It was probably Ronald Reagan who began the ongoing tradition of inviting the World Series championship teams to visit the White House, but the Gipper was not the first President to do so. The 1924 Washington Senators were the first title-winning professional team to visit the White House. Their host was a man not generally known as a trend-setter, none other than Calvin Coolidge, who welcomed the team to his home on September 28, 1925.
The event was described in a Washington Post story published on September 29, 1925, which reported: "President Coolidge took time off from his official duties yesterday to shake hands with each member of the Nationals to congratulate them on winning their second American league pennant and pose with them for pictures on the White House’s lawn”. Earlier in the day, the Senators, who were the defending World Series champions, had clinched their second consecutive American League title with a win over Cleveland.
The team had visited Coolidge in the previous year, but they were not yet a championship team. On September 5, 1924, Coolidge welcomed the team to the White House on an off day. The Senators were up two games on the Yankees in the American League standings. They were getting read for a three-game set against the Red Sox before beginning a 20-game road trip to close the regular season. During the visit, Coolidge signed a baseball for pitcher Walter Johnson.
Reporter Frank Young of the Post wrote: “While President Coolidge has not, perhaps, shown as great a fondness for baseball as some of his predecessors, that he has the welfare of the Nationals at heart was demonstrated yesterday when, at his request, Manager Stanley Harris and the whole team visited the White House. The chief executive not only shook hands with all of the players, but told them that he was "mighty proud" of the showing the Nationals have made to date and was confident they would keep up their good work and return to the Capital in October for the world’s series. Needless to say he was assured by one and all that his hopes would be fulfilled.
Coolidge gave the team good luck as the Senators won 14 of 20 games on their road trip. They clinched the pennant on the second last day of the regular season with a 4-2 win at Boston. It is said that Grace Coolidge was a bigger baseball fan than her husband was. She was the first to receive the news at the White House that the Sens had clinched the 1924 Pennant. The Washington Post reported that "Immediately after hearing the news, C. Bascom Slemp, secretary to the President, telegraphed his congratulations to Manager ‘Bucky’ Harris. ‘Heartiest congratulations to you and your team for your great work in bringing Washington its first pennant,’ the telegram read. ‘We of Washington are proud of you and behind you. On to the world’s championship.’ "

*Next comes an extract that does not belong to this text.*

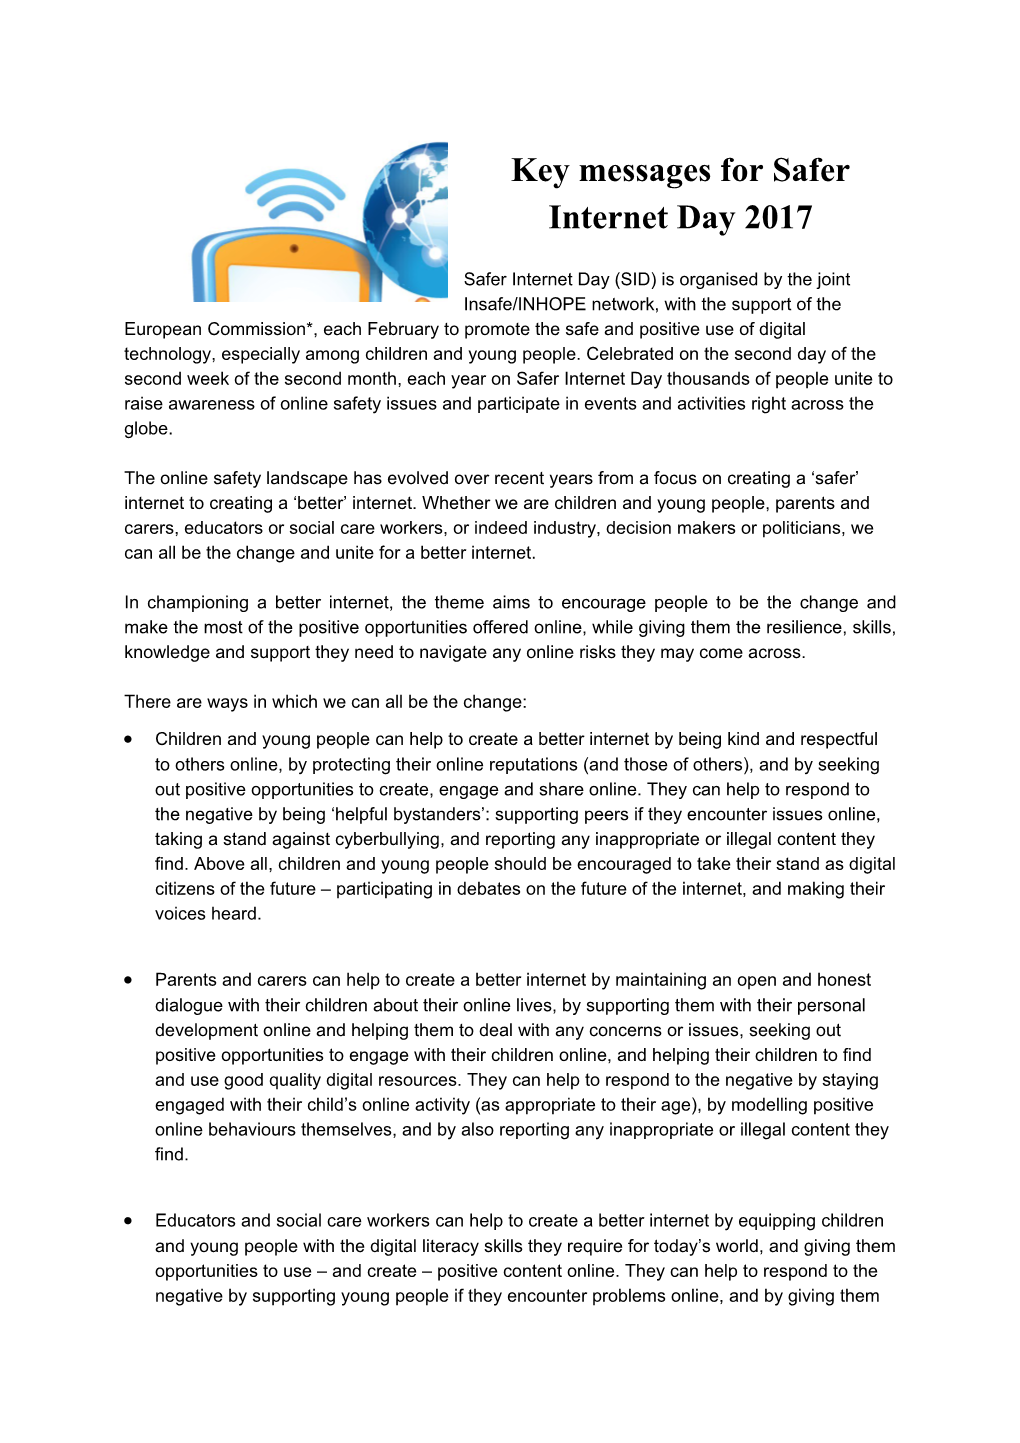 Key Messages for Safer Internet Day 2017
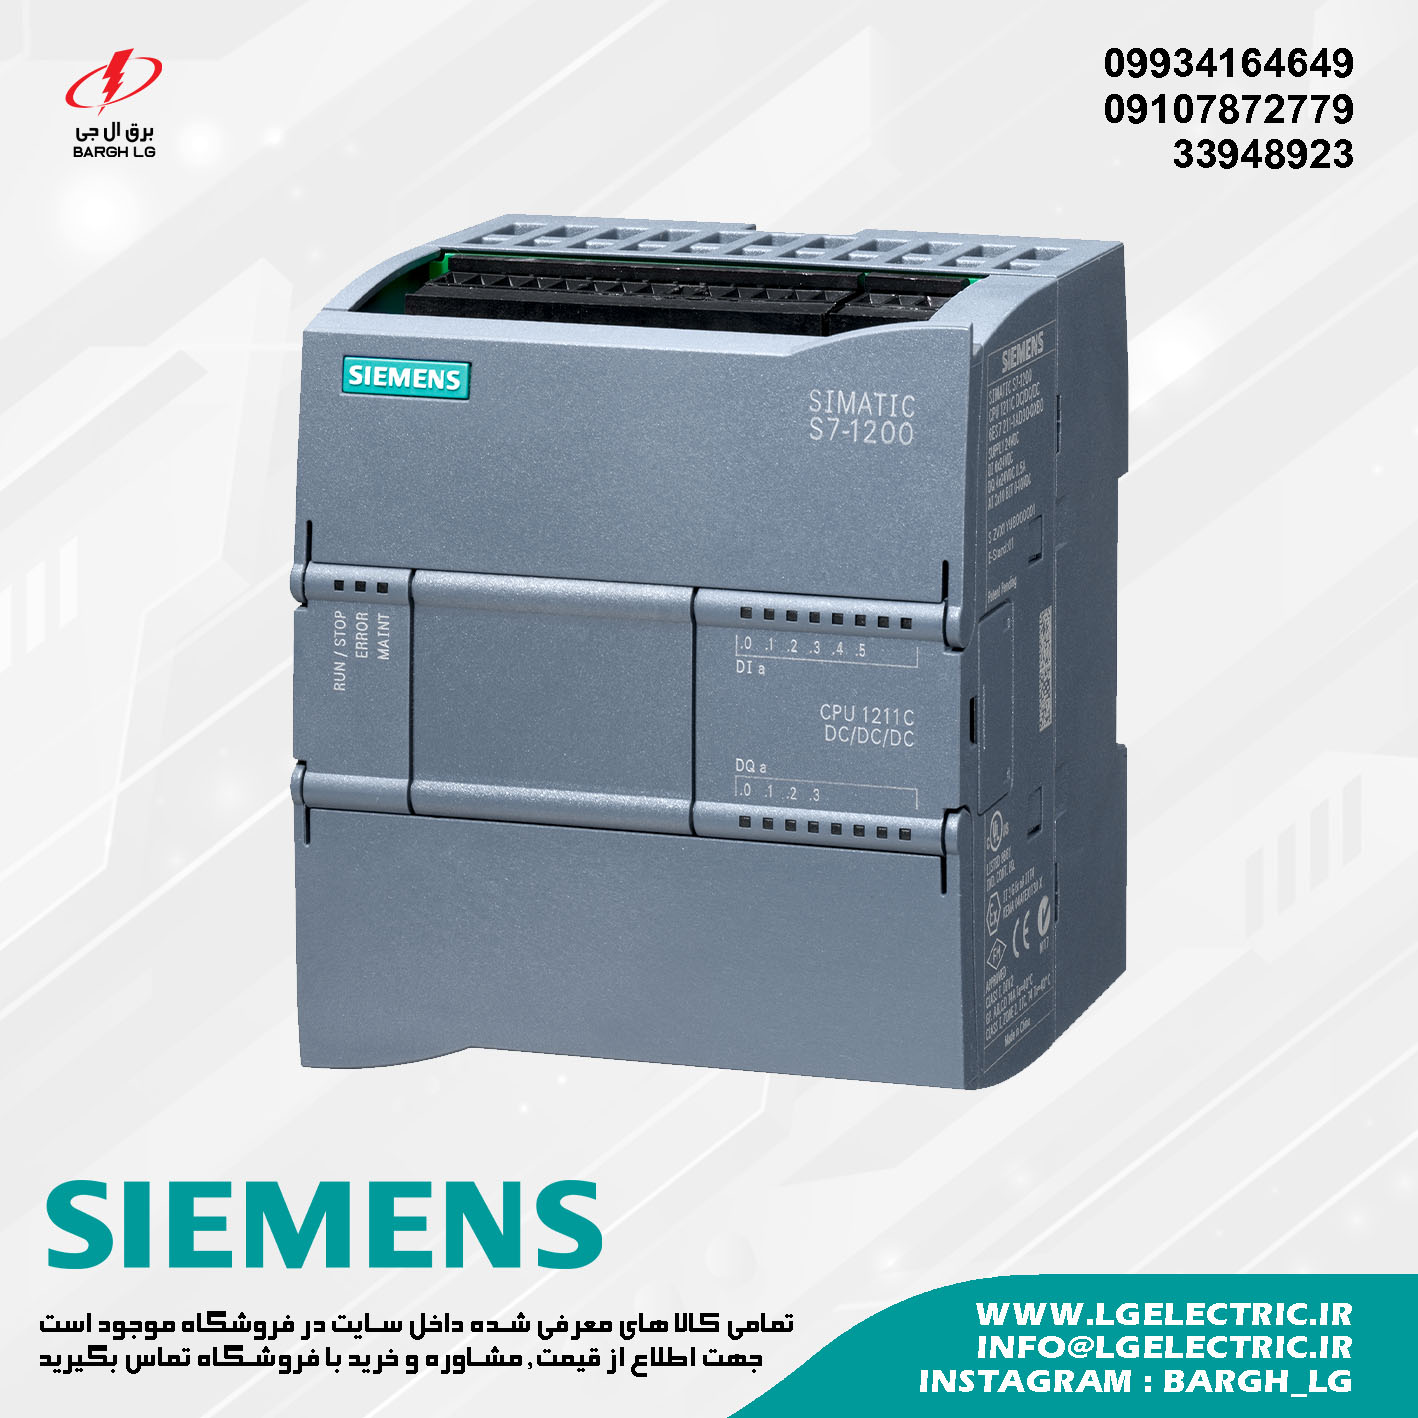 SIEMENS S7-1200 CPU 1211C

The Senators lost their last game by a lopsided score of 13-1 loss, but the game was a meaningless one. The Senators arrived home to Union Station in the nation's capitol by train on the morning of October 1 where they were welcomed by hundreds of fans. An estimated crowd of 100,000 lined the parade route that ended at The Ellipse. Coolidge addressed the team at the celebration and presented Harris with a silver cup. He told the club:
"As the head of an enterprise which transacts some business and maintains a considerable staff in this town, I have a double satisfaction in welcoming home the victorious Washington baseball team. First, you bring the laurels from one of the hardest-fought contests in all the history of the national game. Second, I feel hopeful that with this happy result now assured it will be possible for the people of Washington gradually to resume interest in the ordinary concerns of life. So long as we could be satisfied with a prompt report of the score by innings, a reasonable attention to business was still possible. But when the entire population reached the point of requiring the game to be described play by play, I began to doubt whether the highest efficiency was being promoted."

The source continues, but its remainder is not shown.